В переулках, выходящих на улицу Вэкэрешть, и около тюрьмы расхаживали с карабинами за плечами парные жандармские патрули. Из ворот и парадных дверей домов то и дело выглядывали сыщики сигуранцы. У трамвайной остановки «Пентичиарул Вэкэрешть» и поблизости от нее топтались полицейские и переодетые комиссары… Разогнав народ, с утра собравшийся у тюремных ворот, а потом запрудивший улицу, блюстители порядка все еще не покидали «поле сражения», не без основания опасаясь повторения утренних событий.
Такая же атмосфера настороженности воцарилась внутри тюрьмы.

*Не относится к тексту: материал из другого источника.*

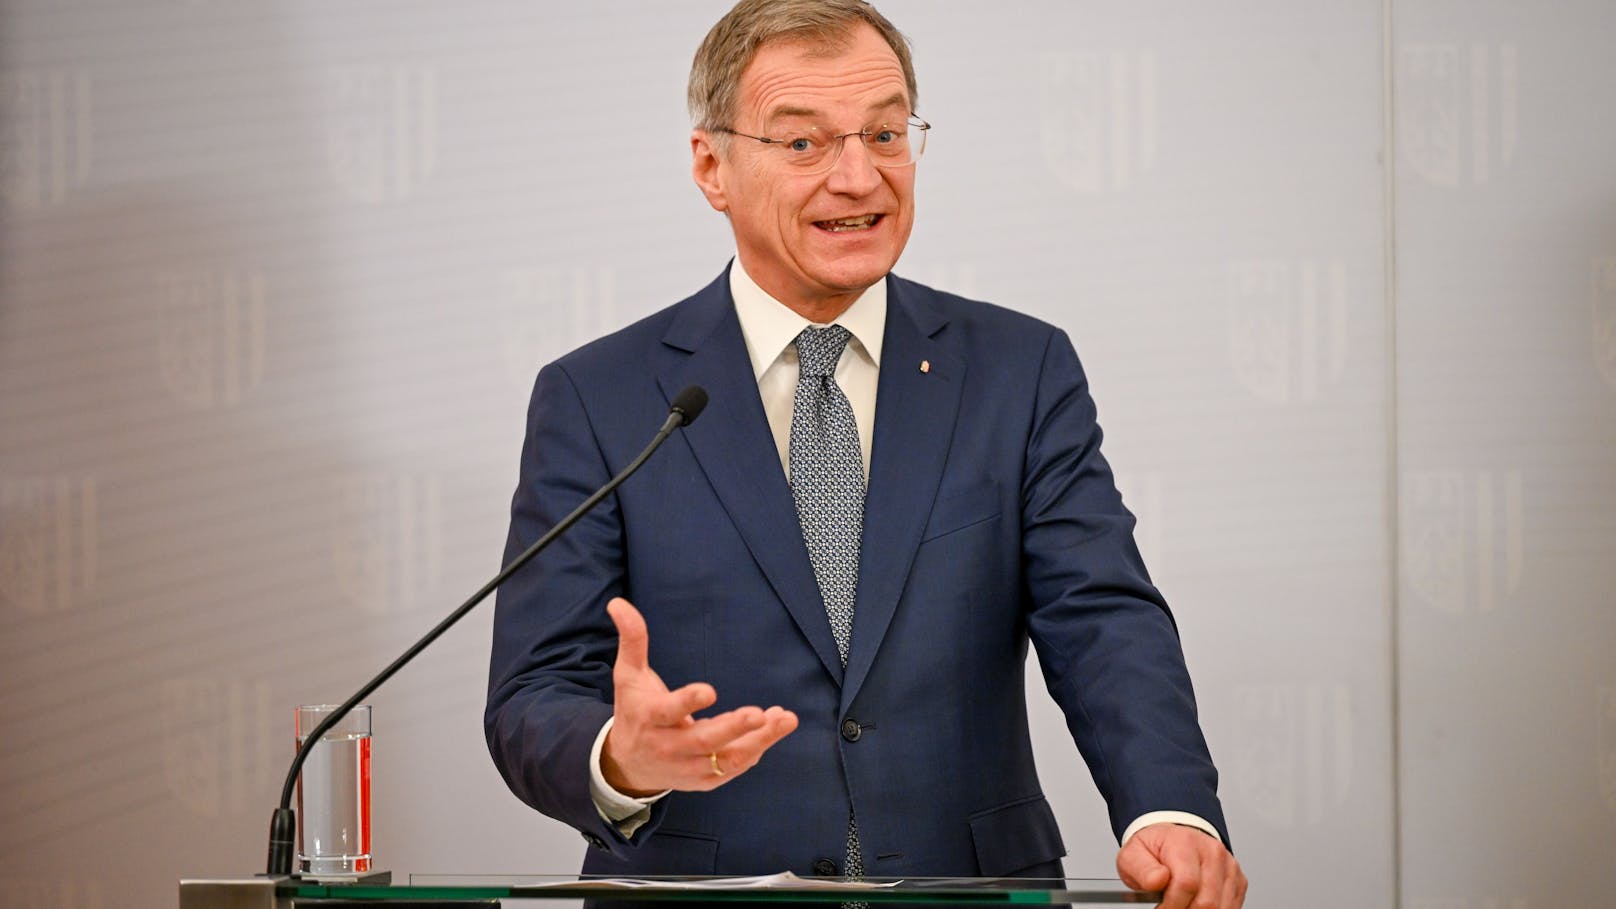 Oberösterreichs Landes-Chef&nbsp; Stelzer befürwortet die Bezahlkarte für Asylwerber.

И заключенные, и охранники всех рангов притихли. Лишь в холодной и, как склеп, мрачной часовне тюремный священник, отбывавший срок за растление несовершеннолетних, бубнил «таинство евстахии» для полутора десятков уголовников, симулировавших душевное расстройство.
Администрация тюрьмы заметала следы совершенных злодеяний. Ей стало известно, что иностранные корреспонденты сфотографировали толпы людей перед тюремными воротами и кое-кто из них настойчиво домогается разрешения посетить Вэкэрешть, встретиться с политическими заключенными. В срочном порядке охранники освобождали карцеры; избитые, в синяках и кровоподтеках, возвращались узники в камеры. Им были обещаны ежедневные прогулки и, главное, свидания с родными при условии, что они прекратят «бунтовать».

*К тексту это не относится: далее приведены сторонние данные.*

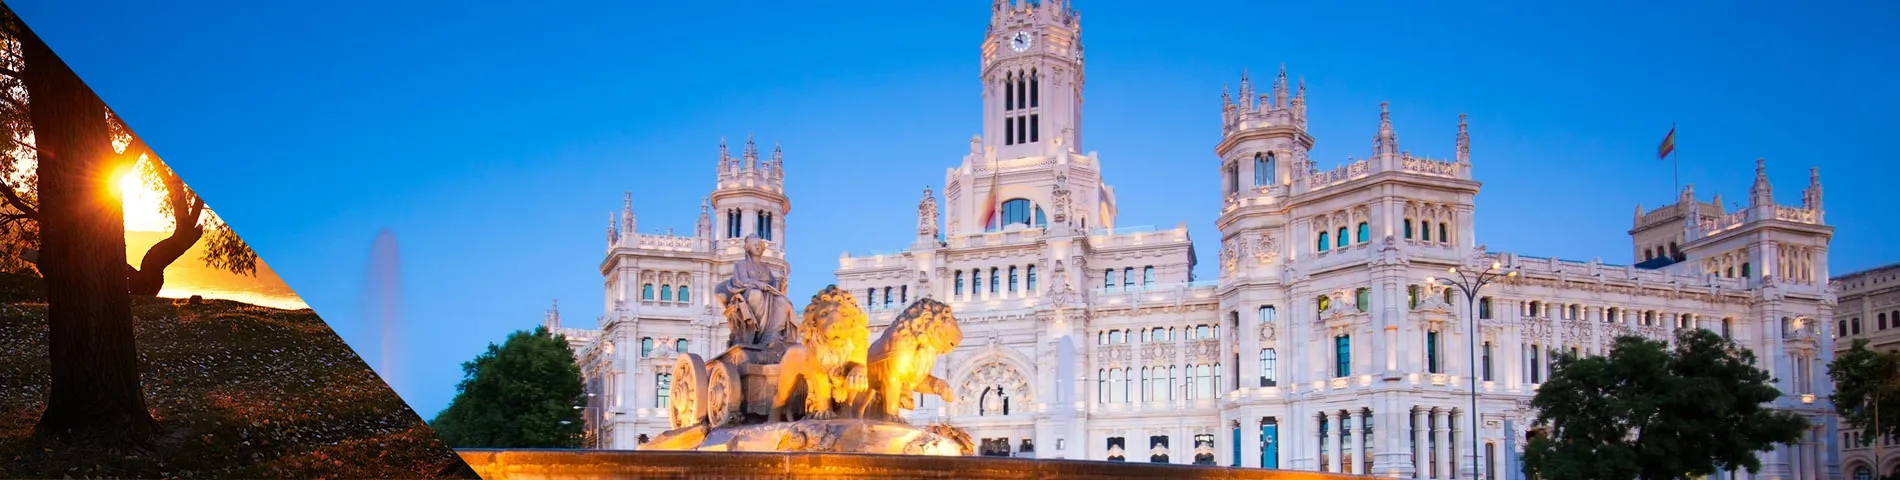 Мадрид - Післяобідній час

— Начиная с пятнадцатого числа…
— Какого месяца? — недоверчиво переспрашивали арестанты. — И какого года?
— Будет вам куражиться! — сердито отвечали охранники. — С января нынешнего… Официальное распоряжение генеральной дирекции!
До этого дня оставалось девять суток. Тюремщики надеялись, что за этот срок зарубцуются раны, посветлеют синяки на телах заключенных.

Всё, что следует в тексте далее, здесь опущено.